Attention: As of January 2024, We have moved to counting-stuff.com. Subscribe there, not here on Substack, if you want to receive weekly posts.
I maaaaay have made a critical error in judgement impulse buying Baldur’s Gate 3 over the weekend.
One day at work, one of the other quant researchers posted a SQL query to the shared quant chat asking if one of us could take a look and just double check the logic behind it. The while somewhat complex, query generally looked fine. It used the correct filters to exclude the usual things we would want to exclude and wasn’t doing anything very exotic. But almost everyone who looked at the query pointed to one place that made us nervous and wary — there was a section that took an array of string tuples being used as a key-value store, unnested them into a table-like subquery, used logic to match against specific keys and values, and then joined some of the struct values back to the rest of the data in order to make it separate columns out of the values.

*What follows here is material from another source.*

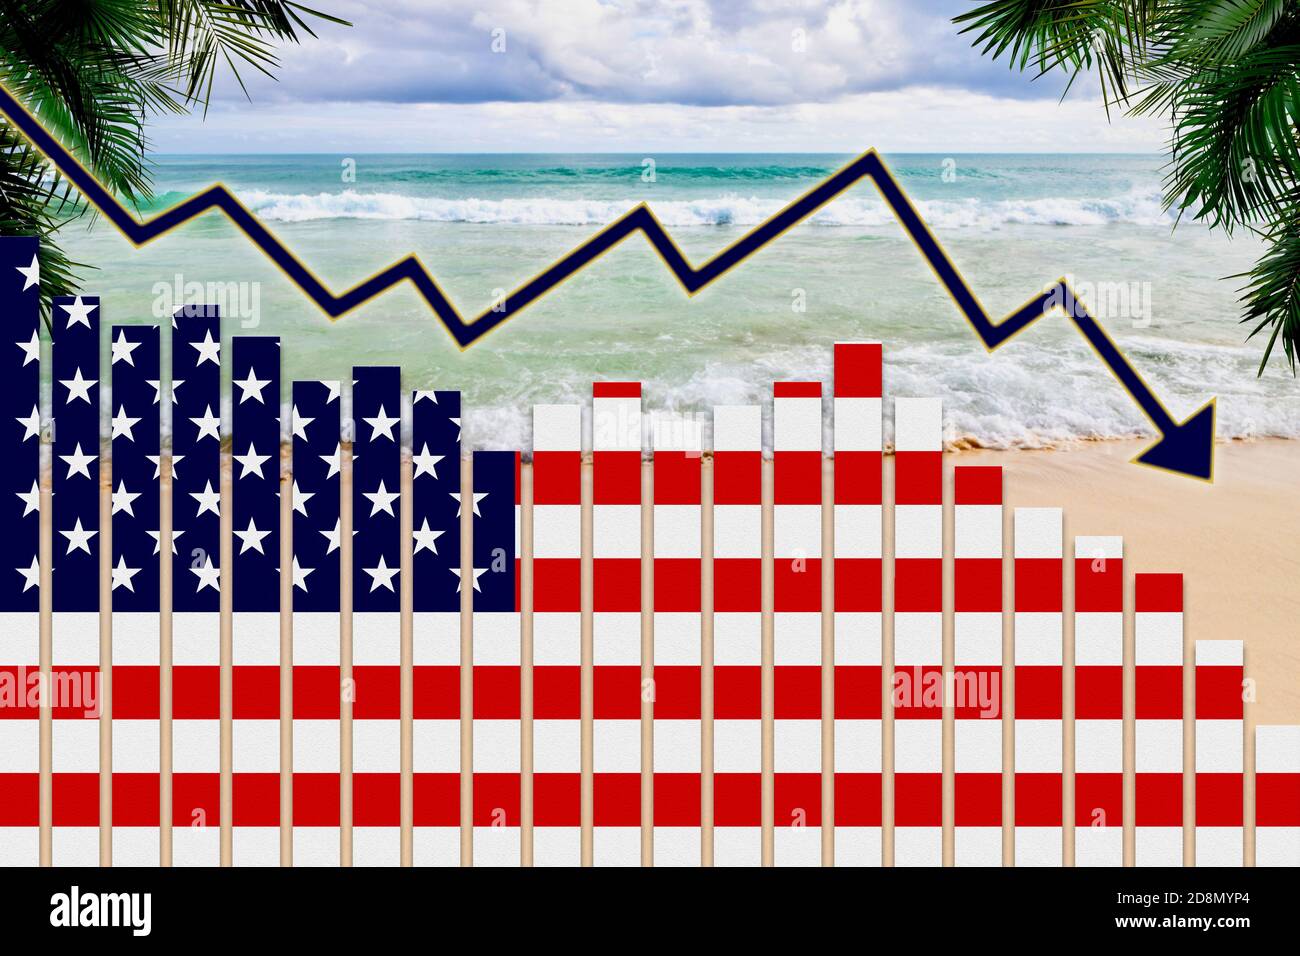 COVID-19 pandémie de coronavirus impact sur le concept de l'industrie touristique américaine montrant le fond de la plage avec le drapeau américain sur les graphiques à barres tendance à la baisse. Banque D'Images

The query seemed to produce correct-seeming results, but none of us were super confident about it at first sight.
Operating with such arrays and structs is always a bit awkward and usually depends on what your SQL dialect is, so it’s already a natural place to be wary of potential mistakes just from the relative unfamiliarity of the functions. But I think we were mostly worried about something much more mundane — depending on how exactly that struct array resolved into values that would become a “table” to join into the rest of the data, unwanted duplicate rows could be generated which would make a horrible mess out of most calculations downstream.
Important Note: the rows I’m describing as “duplicate” out of convenience here aren’t perfectly identical to one another. They usually differ by at least one field in an unexpected way and causes all the other fields to be identical in a way we don’t want. Like when we join our unique Users table to some facts and somehow User1234 comes up 4 times in the result set when we expected to see every user just once. I just don’t have a precise term for these types of rows.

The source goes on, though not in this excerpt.